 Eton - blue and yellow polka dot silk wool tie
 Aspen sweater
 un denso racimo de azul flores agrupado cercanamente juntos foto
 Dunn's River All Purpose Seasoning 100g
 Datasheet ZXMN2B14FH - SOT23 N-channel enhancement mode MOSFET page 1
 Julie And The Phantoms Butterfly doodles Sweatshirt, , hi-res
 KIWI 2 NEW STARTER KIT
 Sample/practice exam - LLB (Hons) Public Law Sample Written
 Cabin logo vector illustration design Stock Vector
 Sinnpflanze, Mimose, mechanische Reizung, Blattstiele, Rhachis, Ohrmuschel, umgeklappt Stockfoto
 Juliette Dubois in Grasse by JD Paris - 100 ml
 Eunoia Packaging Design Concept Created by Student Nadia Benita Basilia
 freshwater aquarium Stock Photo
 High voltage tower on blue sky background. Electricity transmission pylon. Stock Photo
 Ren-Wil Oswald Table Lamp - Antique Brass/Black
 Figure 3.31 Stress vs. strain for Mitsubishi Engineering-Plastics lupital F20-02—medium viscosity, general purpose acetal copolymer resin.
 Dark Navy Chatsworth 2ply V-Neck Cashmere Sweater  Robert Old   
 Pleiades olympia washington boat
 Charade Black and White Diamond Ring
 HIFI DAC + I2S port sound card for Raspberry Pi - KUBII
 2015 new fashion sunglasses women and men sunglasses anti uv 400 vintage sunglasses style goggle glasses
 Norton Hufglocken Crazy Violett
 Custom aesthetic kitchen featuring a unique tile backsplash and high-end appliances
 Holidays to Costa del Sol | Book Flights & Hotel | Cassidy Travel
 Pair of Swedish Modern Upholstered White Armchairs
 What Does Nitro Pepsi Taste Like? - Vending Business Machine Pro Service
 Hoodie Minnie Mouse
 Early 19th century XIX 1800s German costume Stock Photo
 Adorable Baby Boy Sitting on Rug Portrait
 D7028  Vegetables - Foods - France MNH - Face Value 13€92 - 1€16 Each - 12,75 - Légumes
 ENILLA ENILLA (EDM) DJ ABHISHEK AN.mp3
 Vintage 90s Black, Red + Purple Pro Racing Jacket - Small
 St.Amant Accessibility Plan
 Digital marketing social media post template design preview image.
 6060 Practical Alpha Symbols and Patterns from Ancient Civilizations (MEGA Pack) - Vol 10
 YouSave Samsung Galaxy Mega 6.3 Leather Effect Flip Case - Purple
☆ ☆ ☆
• To do:
Above are some records; copy each line there that contains "White".

• Written response:
 Charade Black and White Diamond Ring
 Pair of Swedish Modern Upholstered White Armchairs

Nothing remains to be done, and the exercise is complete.